The whole real estate market just bugs me... I just keep thinking about my parents- when they retired they built a brand new home in an exclusive part of town on a half-acre lot. 2 story, 4 bed, 2.5 bath, about 2,500 sq. foot...and they did it all for $130,000. Granted, this was in 1986, but it just is difficult to wrap my head around the fact that that home is now worth $350,000. The only other thing I can think of that has TRIPLED in value in the last 20 years is auto fuel. I wish all of life was this way...buy a 1986 Honda Civic for $8,000 and put 100,000 miles on it to sell it 20 years later for $24,000
If you adjusted the value of the house your parents built in 1986 for 130k, for inflation and real income growth, it would sell for 325k today. If you factor in the decrease in the cost of funds for a mortgage, it's value rises probably another 25%. The fact that your parents house is only worth 350k and not 400k plus probably reflects the Pittsburgh area's subpar population and economic growth over the past 2 decades. There is nothing out of whack with a 350k valuation. As other posters have said, Pittsburgh is CHEAP!

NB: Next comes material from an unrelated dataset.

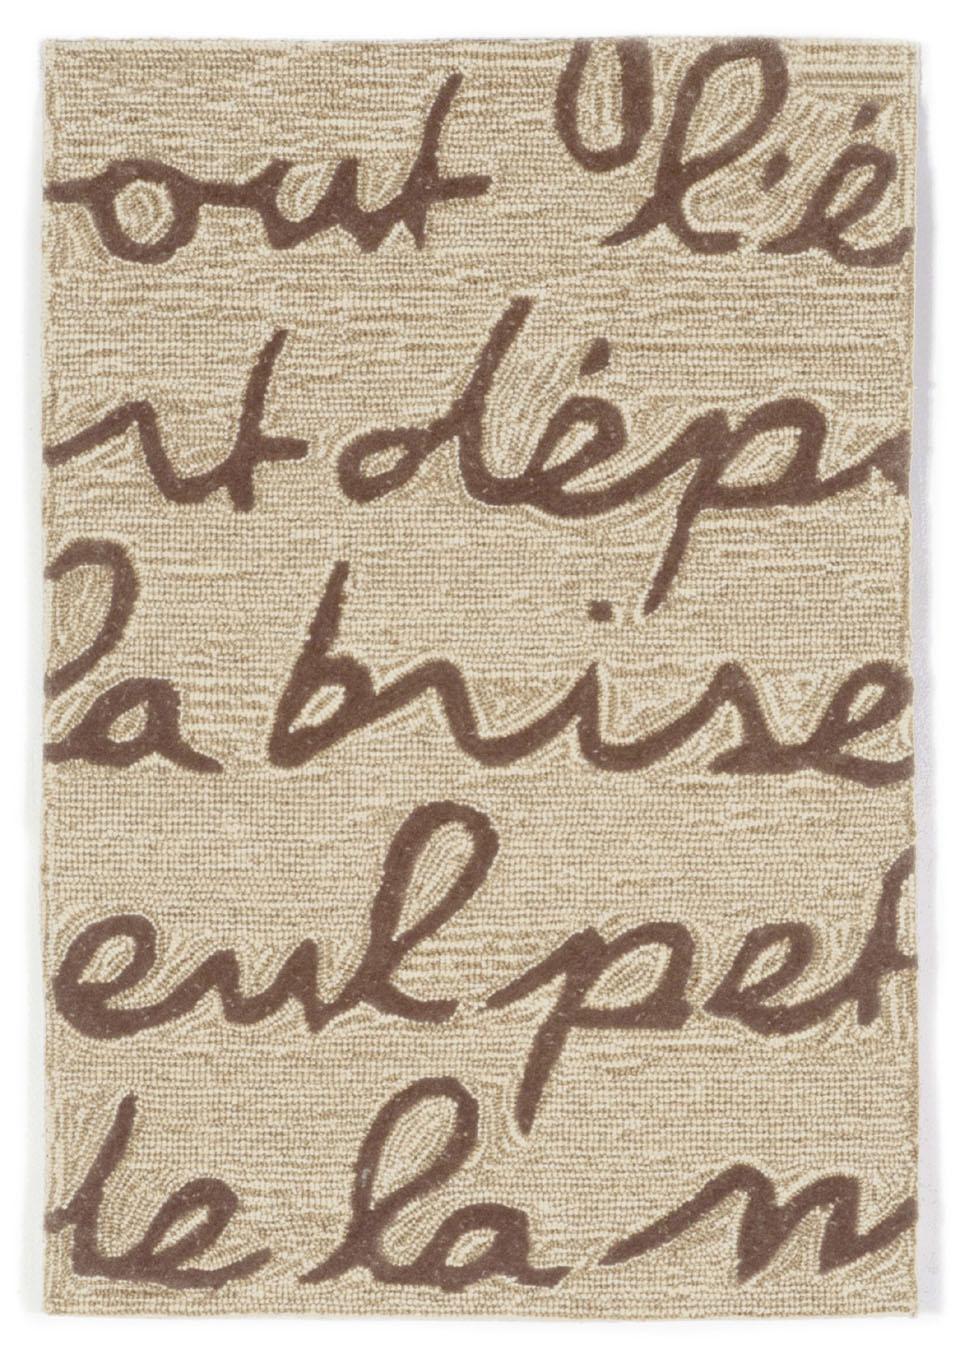 Trans Ocean Liora Manne Spello 2049 19 Poem Brown Closeout

And regarding the Honda metaphor, cars depreciate, land doesn't. Land won't go down in price until the population of the US starts to decline. While the structures on the land probably reflect a majority of the value of a property in Pittsburgh, in other parts of the country, the building itself is almost incidental to the purchase price. That's why movie stars will buy multi-million dollar properties with mansions on them, only to tear the mansion down and build something else more to their liking.

Which leads me to ask this question, are you NAH under a different screen name?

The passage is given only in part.